1° die Beweise zu erheben bzw. zu ergänzen;

2° das Mitglied schriftlich oder vor zwei Zeugen unter ausdrücklicher Androhung der im Falle nicht eintretender Besserung folgenden Entlassung zu verwarnen, wobei der Entlassungsgrund klar zu bezeichnen und dem Mitglied die uneingeschränkte Möglichkeit zur Verteidigung zu geben ist; bleibt die Verwarnung erfolglos, so hat er nach einem Zeitraum von mindestens fünfzehn Tagen eine weitere Verwarnung vorzunehmen;

3° falls auch diese Verwarnung ergebnislos bleibt und der höhere Obere mit seinem Rat zu der Ansicht gekommen ist, daß die Unverbesserlichkeit hinreichend feststeht und die Verteidigungsgründe des Mitgliedes unzureichend sind, nach ergebnislosem Ablauf von fünfzehn Tagen ab der letzten Verwarnung alle vom höheren Oberen selbst sowie vom Notar unterzeichneten Akten zusammen mit den vom Mitglied selbst unterschriebenen Stellungnahmen dem obersten Leiter zu übersenden.

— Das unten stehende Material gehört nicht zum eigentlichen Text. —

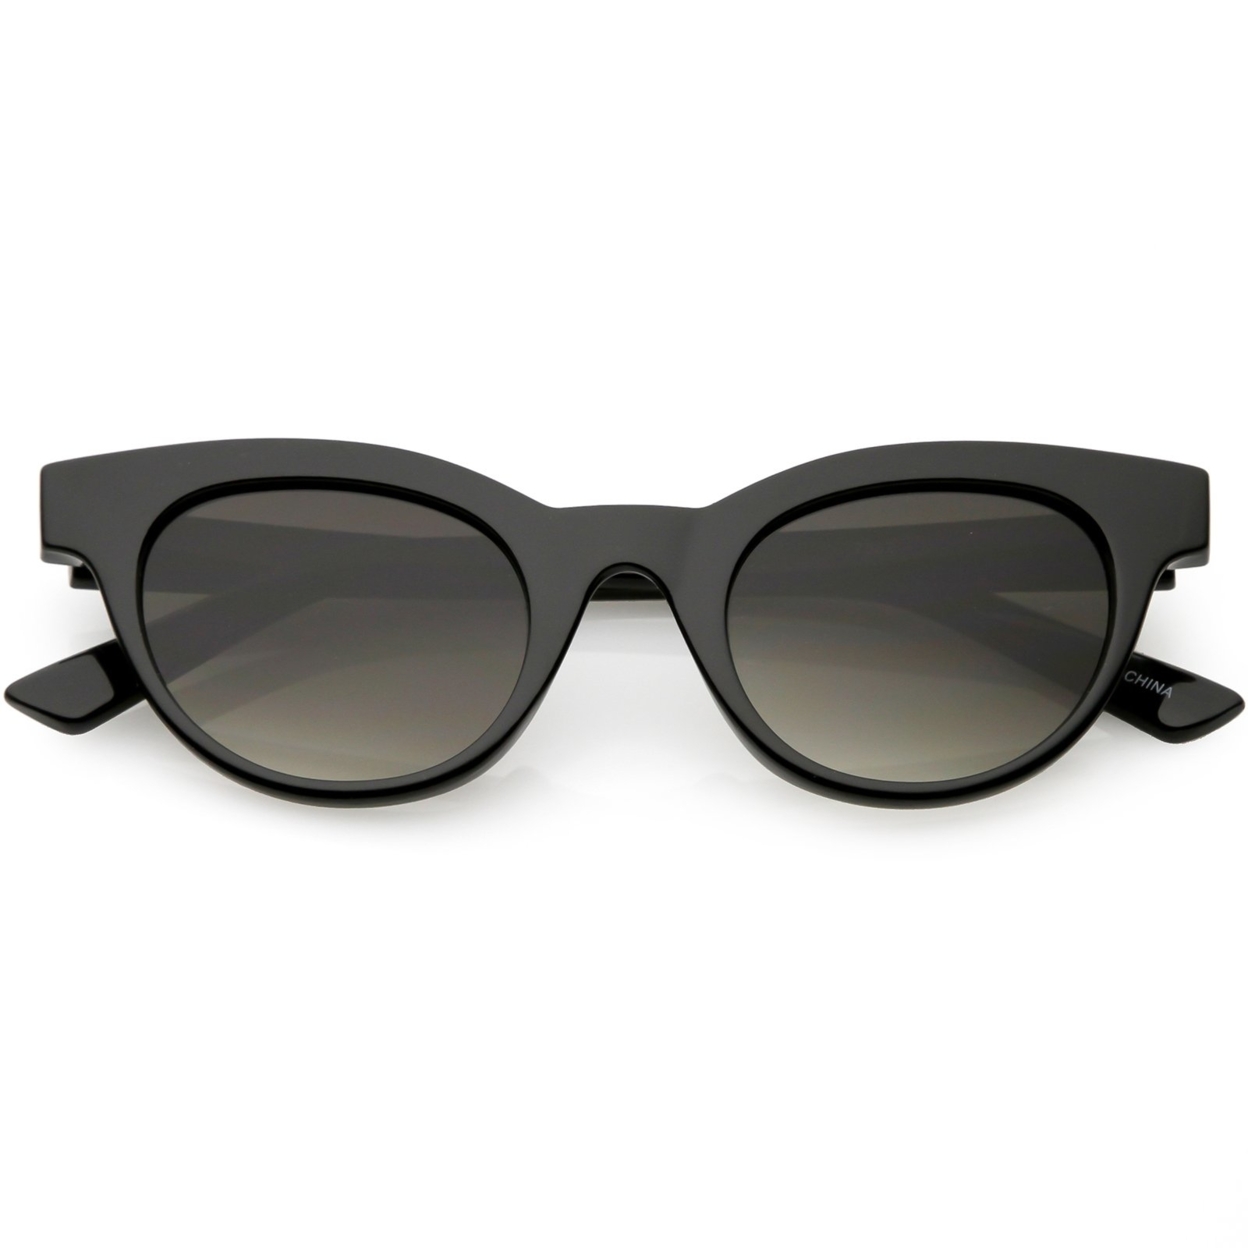 Women's Horn Rimmed Cat Eye Sunglasses Neutral Colored Round Lens Cat Eye Sunglasses 47mm - Matte Black / Smoke
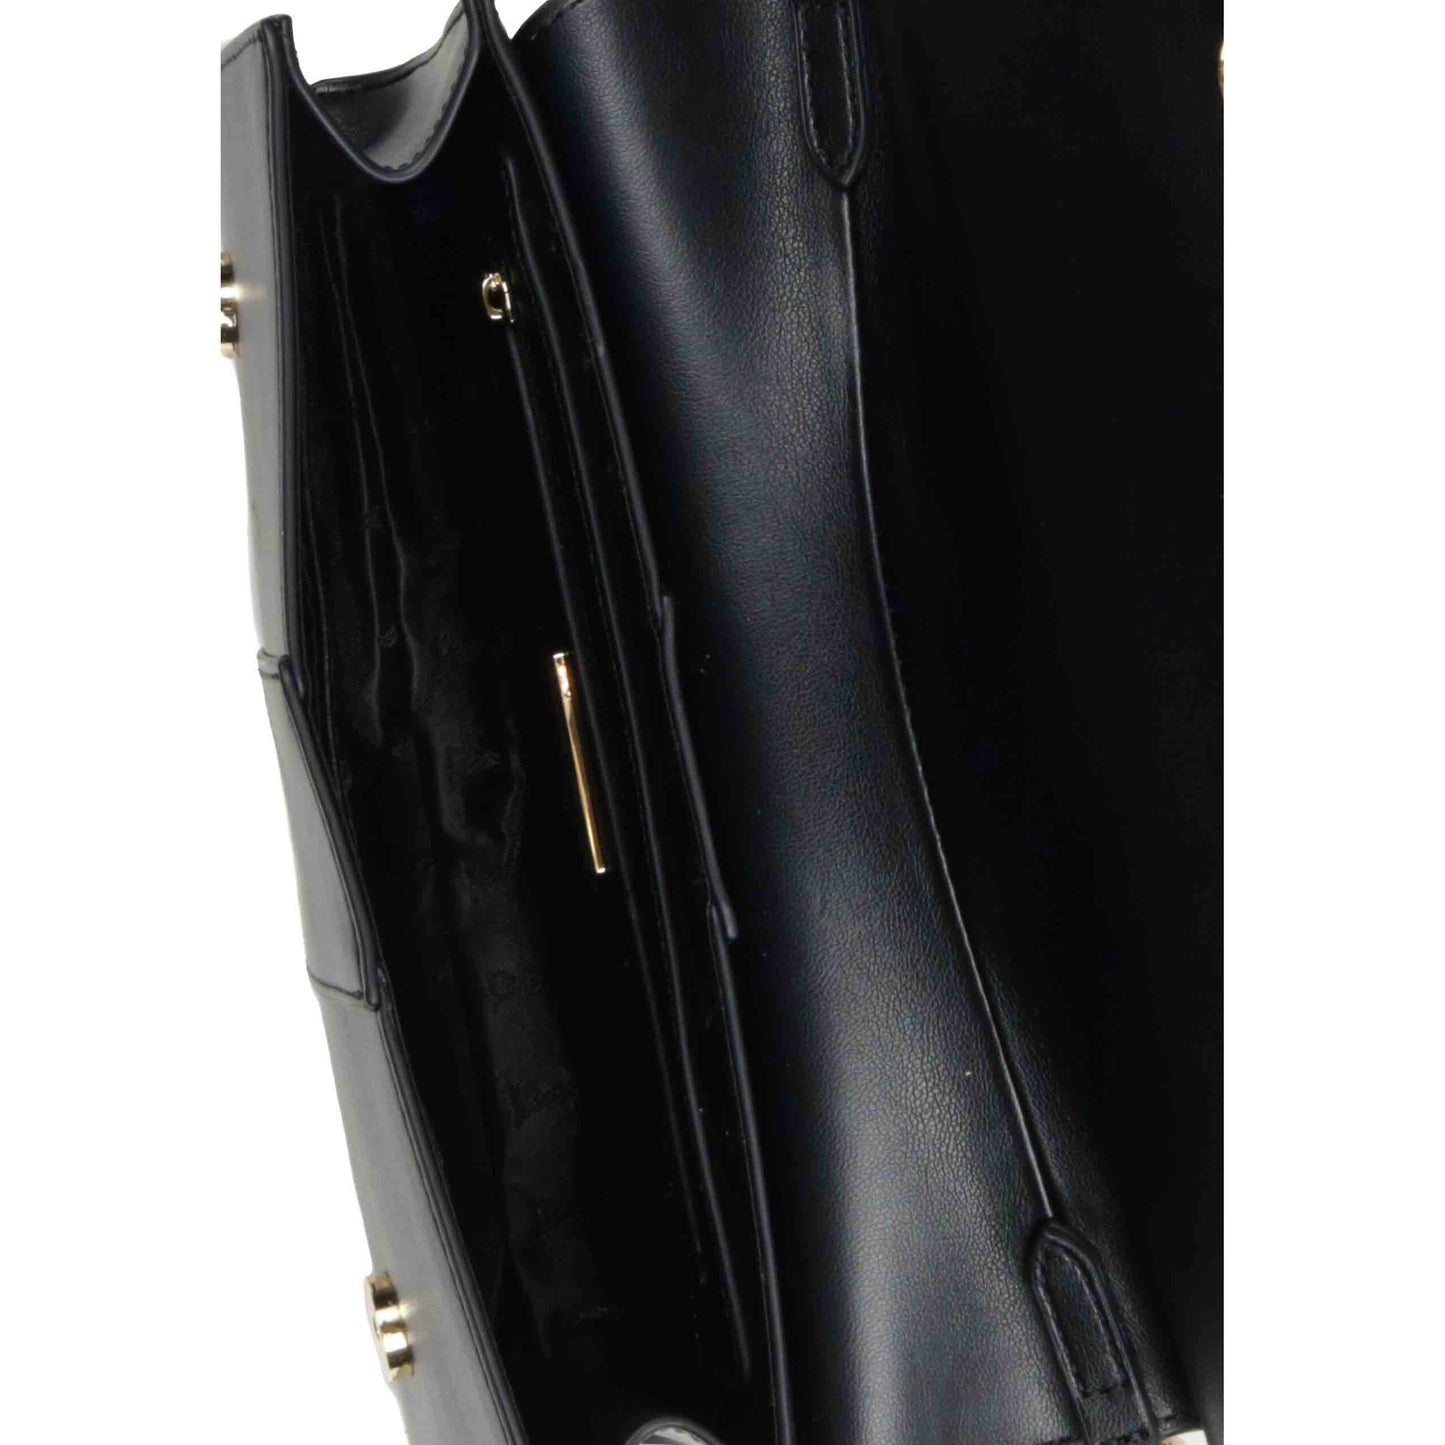 LAtelier du Sac borsello nero con logo oro piu tracolla modello Arlette

Can. 698 — In allen Fällen der cann. 695 und 696 bleibt das Recht des Mitglieds stets gesichert, mit dem obersten Leiter in Verbindung zu treten und ihm seine Verteidigungsgründe direkt zu unterbreiten.

Can. 699 — § 1. Der oberste Leiter hat mit seinem Rat, der zur Gültigkeit aus mindestens vier Mitgliedern bestehen muß, bei der genauen Abwägung der Beweise, der Argumente und der Verteidigungsgründe, kollegial vorzugehen, und wenn durch geheime Abstimmung so entschieden wurde, hat er das Entlassungsdekret auszustellen, wobei zu seiner Gültigkeit die Rechts- und Tatsachengründe wenigstens summarisch zum Ausdruck gebracht sein müssen.

§ 2. Bei den in can. 615 genannten rechtlich selbständigen Klöstern kommt es dem Diözesanbischof zu, über die Entlassung zu entscheiden; ihm hat der Obere die von seinem Rat überprüften Akten vorzulegen.

Can. 700* — Das Entlassungsdekret hat keine Rechtskraft, wenn es nicht vom Heiligen Stuhl bestätigt worden ist, dem das Dekret und sämtliche Akten zuzuleiten sind;

handelt es sich um ein Institut diözesanen Rechts, so steht die Bestätigung dem Bischof der Diözese zu, in der die Niederlassung liegt, welcher der Ordensangehörige zugeordnet ist. Das Dekret muß aber zu seiner Gültigkeit einen Hinweis auf das dem Entlassenen zustehende Recht enthalten, innerhalb von zehn Tagen nach Empfang der Bekanntgabe Beschwerde an die zuständige Autorität einzulegen. Die Beschwerde hat aufschiebende Wirkung.

Can. 701 — Mit der rechtmäßig erfolgten Entlassung erlöschen ohne weiteres die Gelübde und die aus der Profeß hervorgehenden Rechte und Pflichten. Ist jedoch das Mitglied Kleriker, so darf er die heiligen Weihen so lange nicht ausüben, bis er einen Bischof findet, der ihn nach einer angemessenen Prüfung in seine Diözese nach Maßgabe von can. 693 aufnimmt oder ihm zumindest die Ausübung der heiligen Weihen gestattet.

Can. 702 — § 1. Wer rechtmäßig aus einem Ordensinstitut austritt oder aus ihm rechtmäßig entlassen wurde, kann für jegliche in ihm geleistete Arbeit von demselben nichts verlangen.

§ 2. Das Institut jedoch soll Billigkeit und evangelische Liebe gegenüber dem ausgeschiedenen Mitglied walten lassen.

Can. 703 — Im Falle eines schweren äußeren Ärgernisses oder eines sehr schweren, dem Institut drohenden Schadens kann ein Mitglied unverzüglich vom höheren Oberen bzw., wenn Gefahr im Verzug ist, vom Hausoberen mit Zustimmung seines Rates aus der Ordensniederlassung gewiesen werden. Der höhere Obere hat nötigenfalls für die Einleitung eines Entlassungsprozesses nach Maßgabe des Rechtes Sorge zu tragen oder die Angelegenheit dem Apostolischen Stuhl zu unterbreiten.

Can. 704 — Die auf irgendeine Weise vom Ordensinstitut getrennten Mitglieder sind in dem Bericht zu erwähnen, der nach can. 592, § 1 an den Apostolischen Stuhl zu leiten ist.